Global Lens Reflections on life, the universe, and everything

On the Beach

In the coastal village of Moawo, 5-year old Jefrin (right) and his 10-year old brother Fajrin plant mangrove seedlings, part of a project on the Indonesian island of Nias to improve habitat for sea life and provide some protection from future tsunamis. The project is sponsored by CD Bethesda/YAKKUM Emergency Unit (YEU) and Action by Churches Together (ACT). . (Paul Jeffrey)

Sometimes when I look at an image that I captured years ago, I get a feeling that is totally unrelated to whatever you may see when you look at the image. Take this photo from the remote Indonesian island of Nias. I had gone there a while after the big tsunami to document how islanders were recovering from the devastating waves and an earthquake that followed a few weeks after. My hosts took me to the village of Moawo, and we started walking. The temperature must have been about 160 degrees, with the humidity not far behind. I hadn’t realized it was going to be a long walk, so I hadn’t tucked much water into my kit when we left the car. So we walk. And we walk. And then we walk through wet sand on the beach which sucks down on my boots. OK, I’ll spare you more whining; you can see where this is going. I walked a long ways, sweating profusely, until we got to where a father and his two sons were planting mangroves. I have to tell stories like this every once in a while lest my bosses want to cut my salary because they think I have way too much fun. But, and now I will finally get to the point, when I look at this picture today, I start sweating.

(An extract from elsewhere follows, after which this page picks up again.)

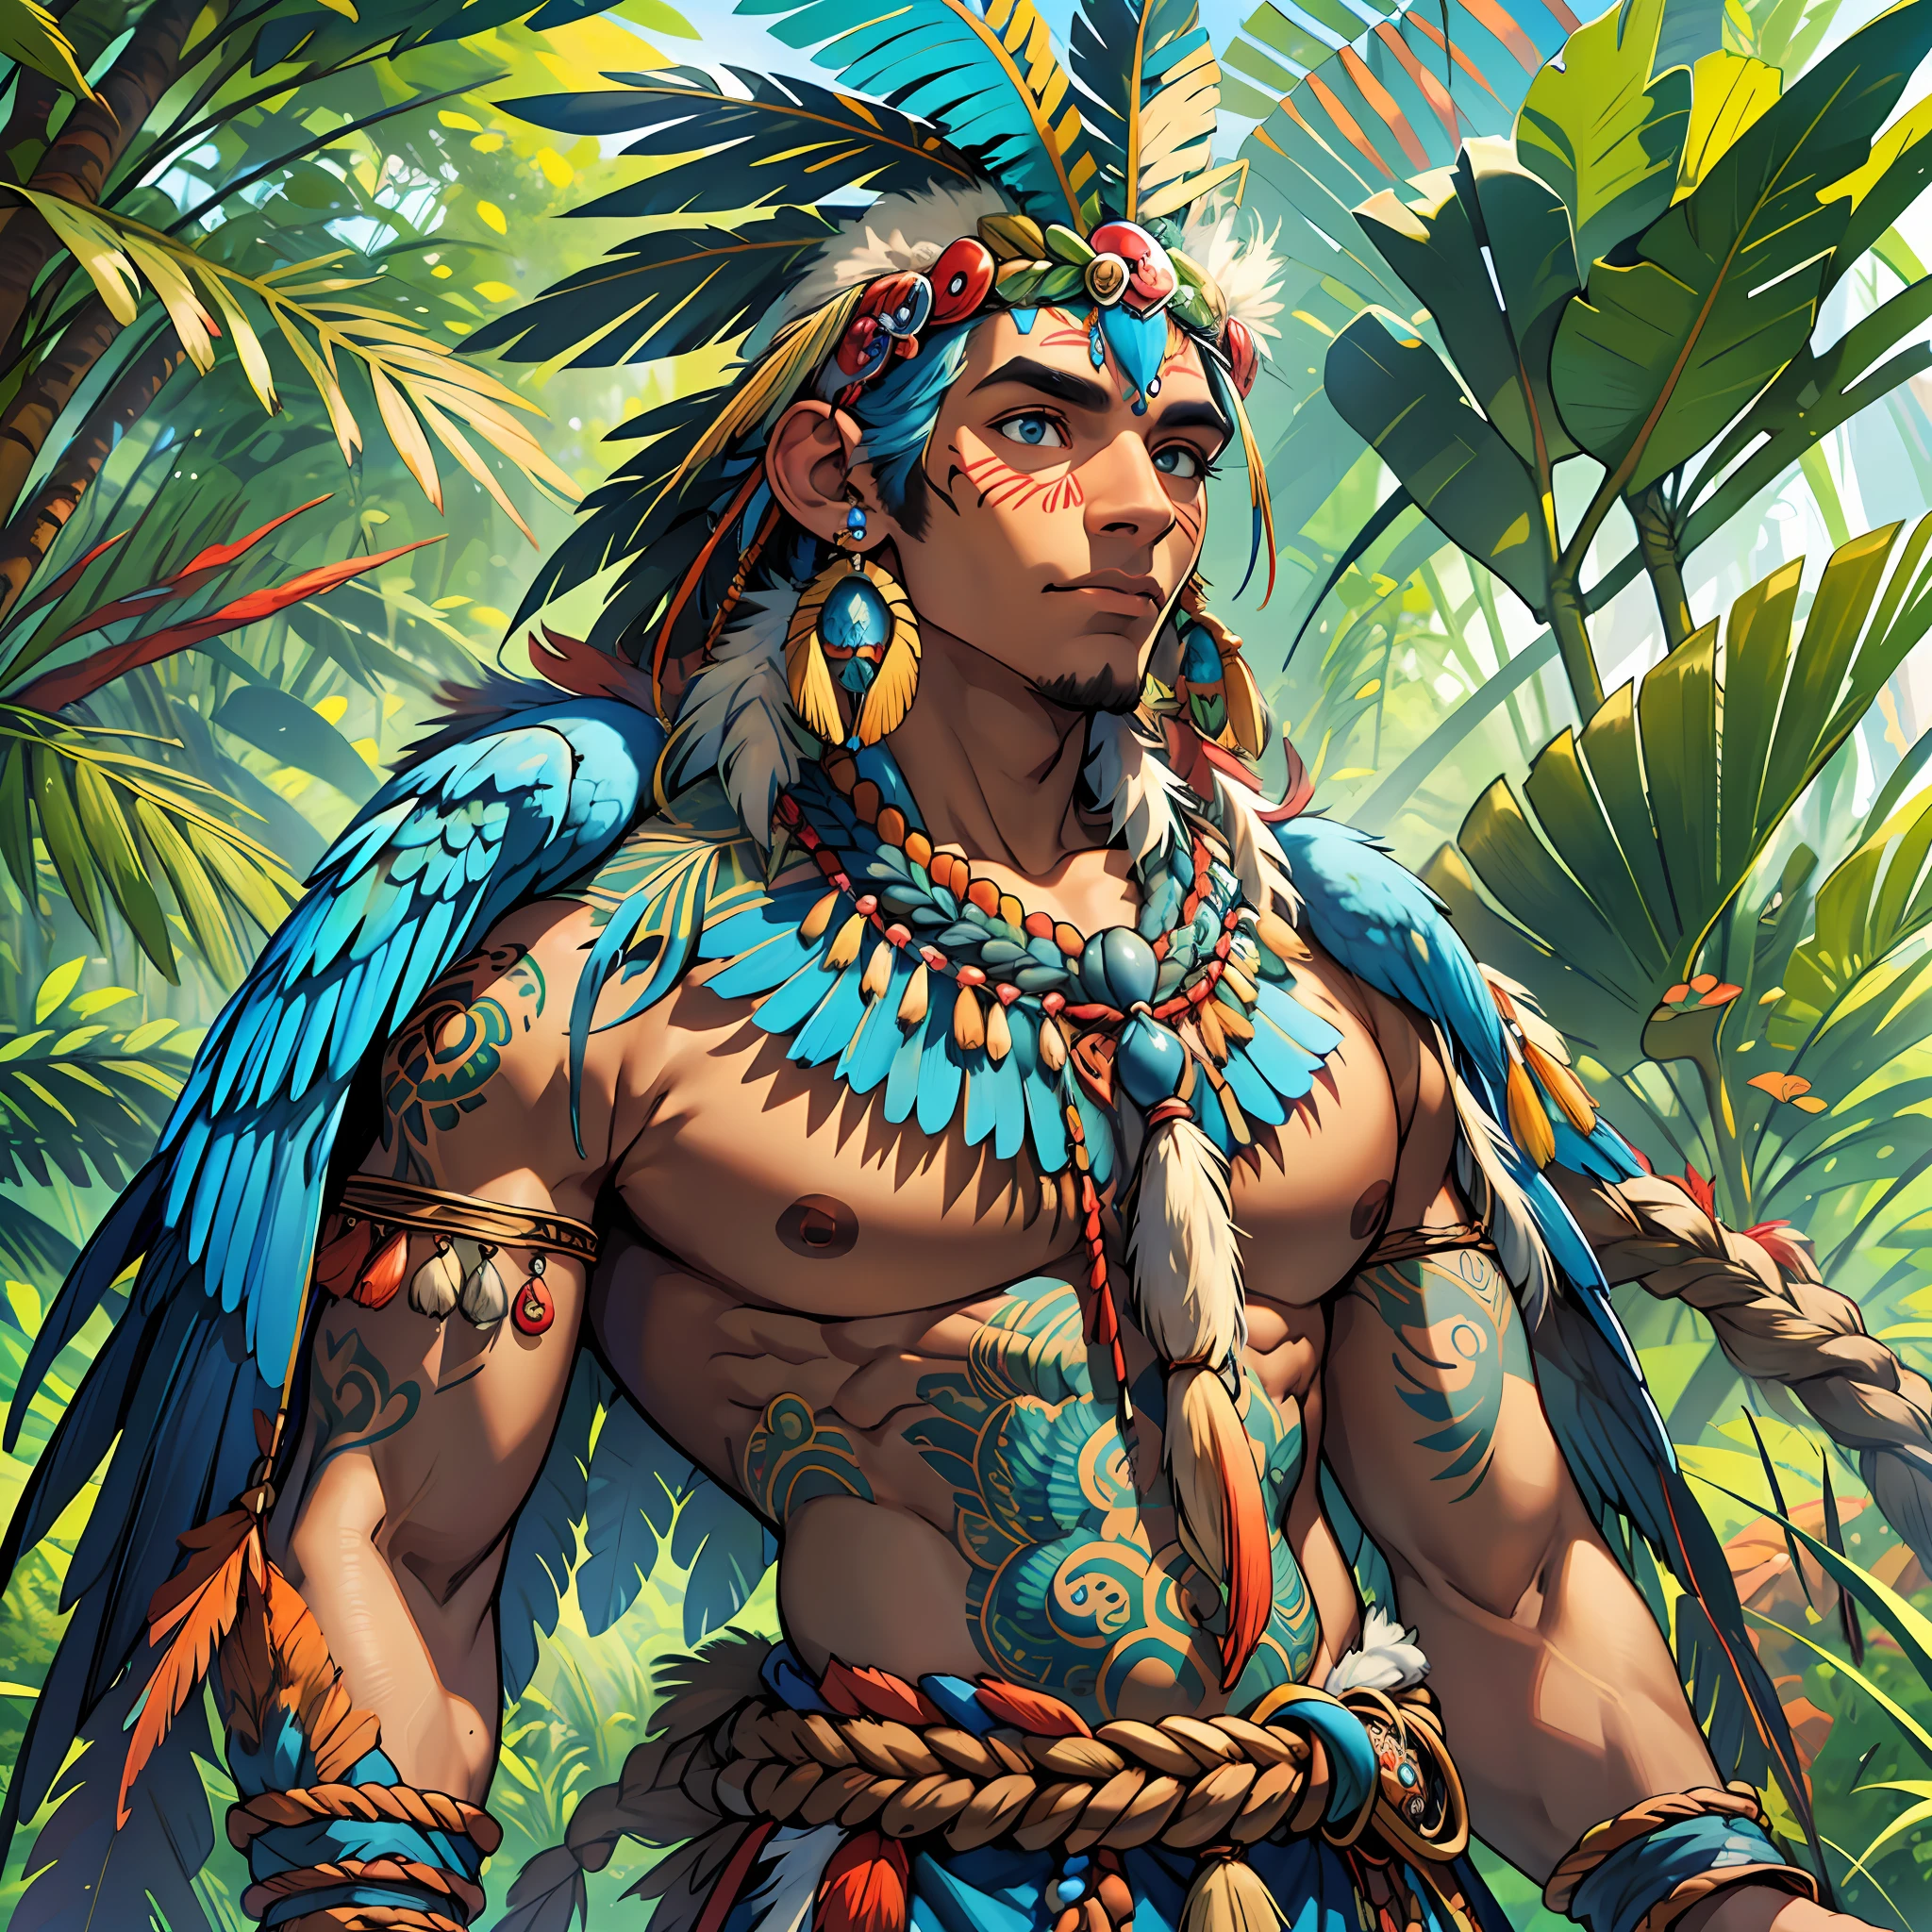 의인화 된 인간형 신 토착 갈색 피부에 푸른 잉꼬 날개와 인간의 몸, 그리고 몸에 푸른 잉꼬 깃털이 있습니다, 완벽한 몸, 숲의 신성한 수호자, 브라질 사람, 아마존의 신성한 풍경, 투피 과라니 옷

All suffering aside, it was an important series of images. Five-year old Jefrin (right) and his 10-year old brother Fajrin are planting mangrove seedlings, part of a project on the island of Nias to improve habitat for sea life and provide some protection from future tsunamis. Had Moawa had better mangroves, it would have fared better in the tsunami. So folks decided afterward that it was a good time to start planting mangrove seedlings on their beaches. This kind of mitigation work is an important part of how good emergency agencies work with affected communities to lower their risk in the face of future disasters. To many it doesn’t seem as sexy as flying in food to starving people, but in terms of getting a return on investment, it pays off handsomely as it helps communities reduce their vulnerability–meaning next time they perhaps won’t need external assistance when they confront a natural hazard like a tsunami.

While we’re at it, a word about global mangrove forests, which are being lost up to four times faster than land forests, according to a recent study by the United Nations Environment Program. That study showed that one-fifth of global mangroves have vanished since 1980. That’s an even more startling data point if you know how tough mangroves can be. One of the best places to see this is the Playa los Colorados in Cuba, the place where in 1956 Fidel Castro, Che Guevara and some 80 other revolutionaries tried to land the Granma, this old yacht they’d bought in Mexico. It was to be the glorious start of their revolution, but they weren’t very good sailors and ended up having to disembark only to have to climb through deadly thick mangroves to reach the land. Today there’s an elevated boardwalk over the mangroves that runs for 2.5 kilometers from the beach to the site where they disembarked from the Granma. Not surprisingly, less than one-quarter of the revolutionaries survived to take on the army of Cuban dictator Fulgencio Bautista. That anyone survived that trek through the mangroves at all is a testament to their courage and commitment. I survived the walk to the end of the boardwalk and back, but most of what I remember about it was that I sweated a lot.